Exercise 4. [M23] Let $p(m, t)$ be the probability that exactly $m$ items are selected from among the first $t$ in the selection sampling technique. Show directly from Algorithm S that

$$p(m,t) = \binom{t}{m}\binom{N-t}{n-m} \Big/ \binom{N}{n}, \qquad \text{for } 0 \le t \le N.$$

Verified: yes
Solve time: 4m33s


Solution

Let $p(m,t)$ denote the probability that exactly $m$ items have been selected from the first $t$ items processed by Algorithm S.

We shall prove by induction on $t$ that

$$ p(m,t)=\frac{\binom{t}{m}\binom{N-t}{,n-m,}}{\binom{N}{n}}, \qquad 0\le t\le N. $$

Basis

When $t=0$, no items have been examined.
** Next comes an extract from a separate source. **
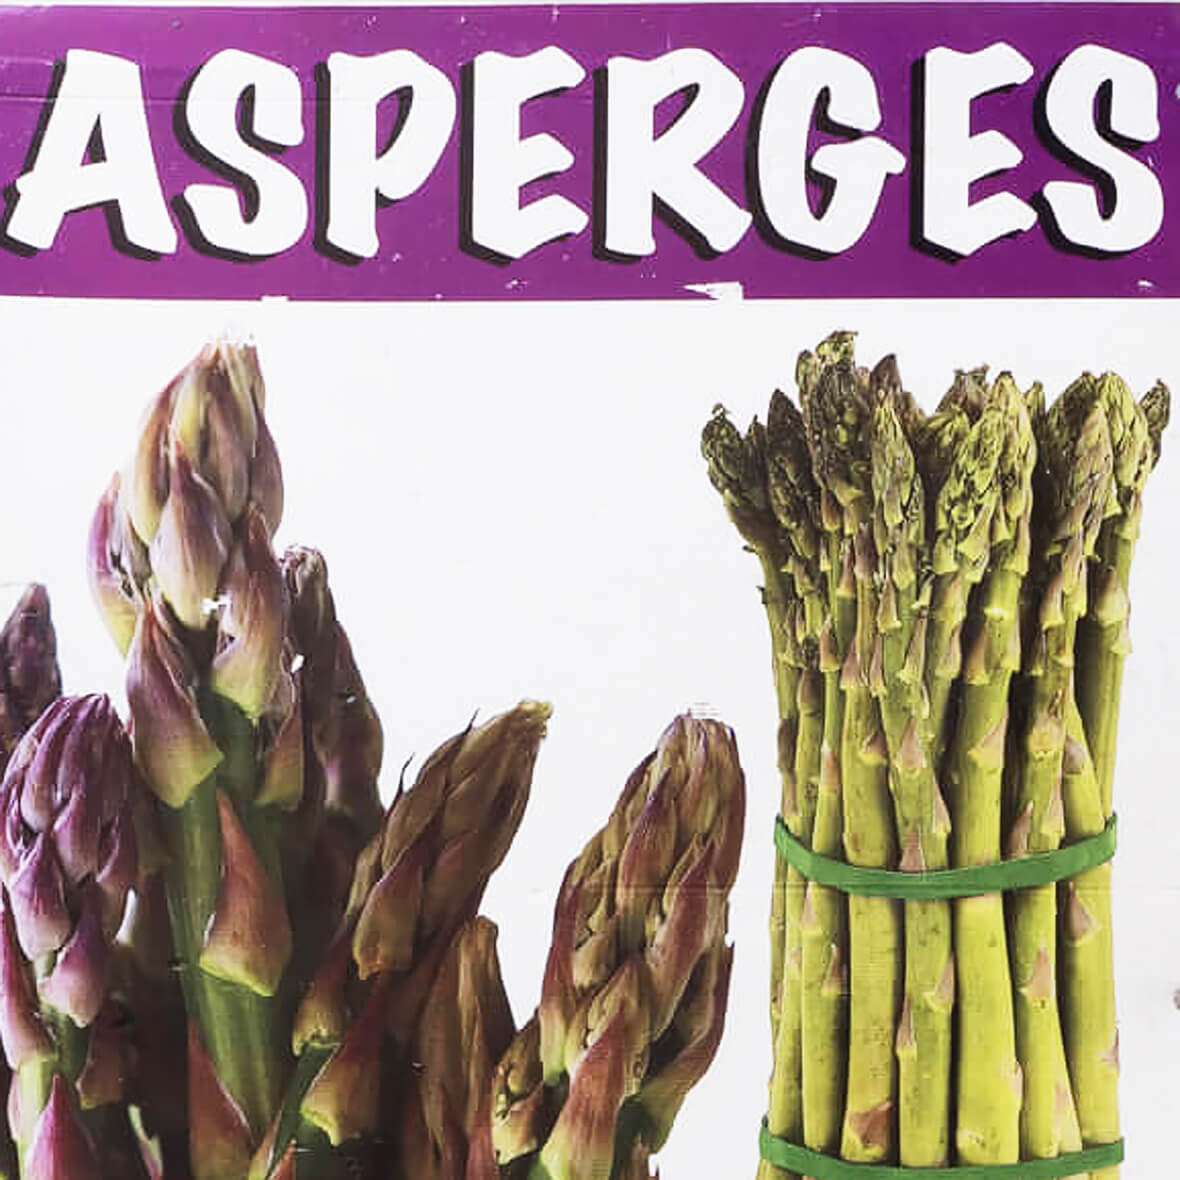 "Asparagus" sign
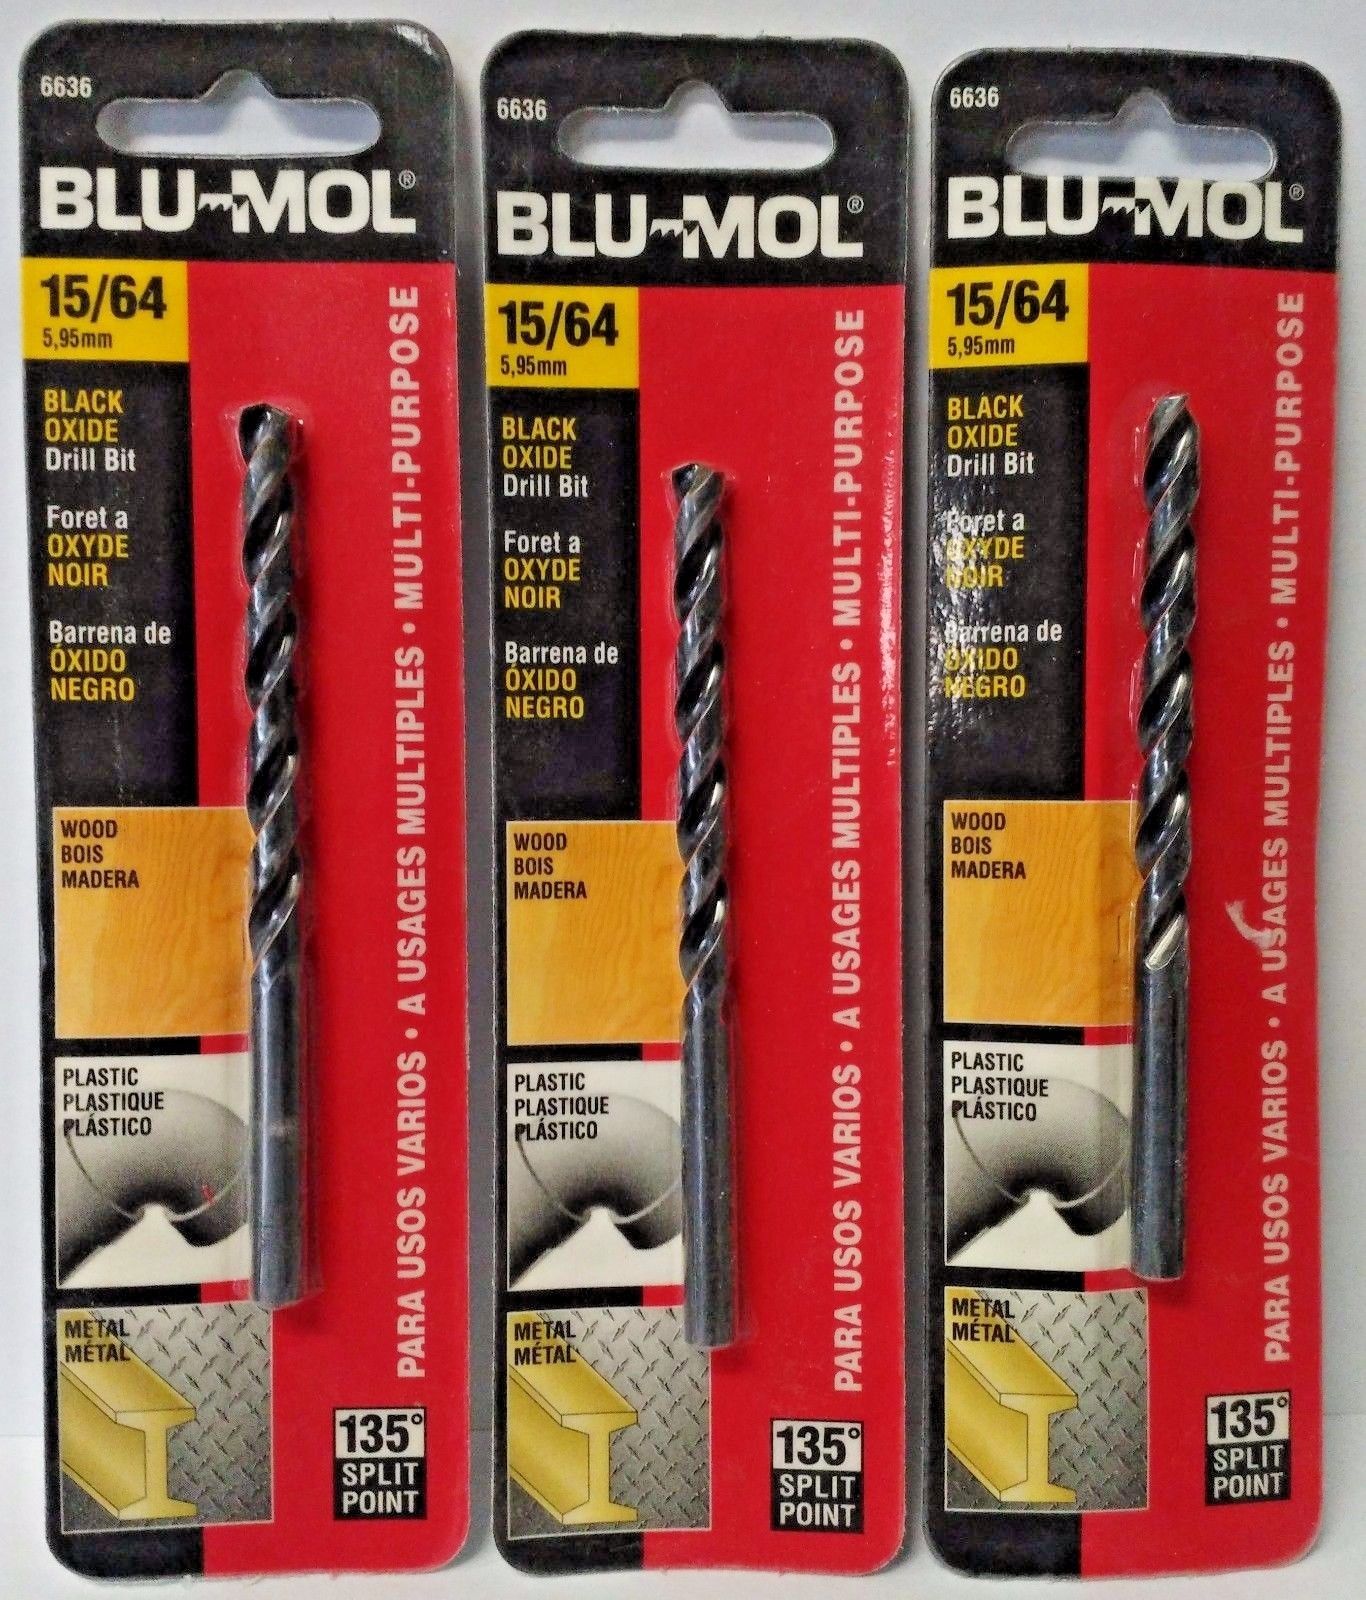 Blu-Mol 15/64" Black Oxide High Speed Drill Bit 6636 3PKS

Hence

$$ p(0,0)=1,\qquad p(m,0)=0 \ \ (m>0). $$

The proposed formula gives

$$ \frac{\binom00\binom Nn}{\binom Nn}=1 $$

for $m=0$, and

$$ \frac{\binom0m\binom N{n-m}}{\binom Nn}=0 $$

for $m>0$. Thus the formula is correct when $t=0$.

Inductive step

Assume the formula holds for a fixed $t$, and consider item $t+1$.

To have exactly $m$ selected items among the first $t+1$ items, one of two mutually exclusive events must occur.

  1. Exactly $m$ items were selected among the first $t$, and item $t+1$ is not selected.
  2. Exactly $m-1$ items were selected among the first $t$, and item $t+1$ is selected.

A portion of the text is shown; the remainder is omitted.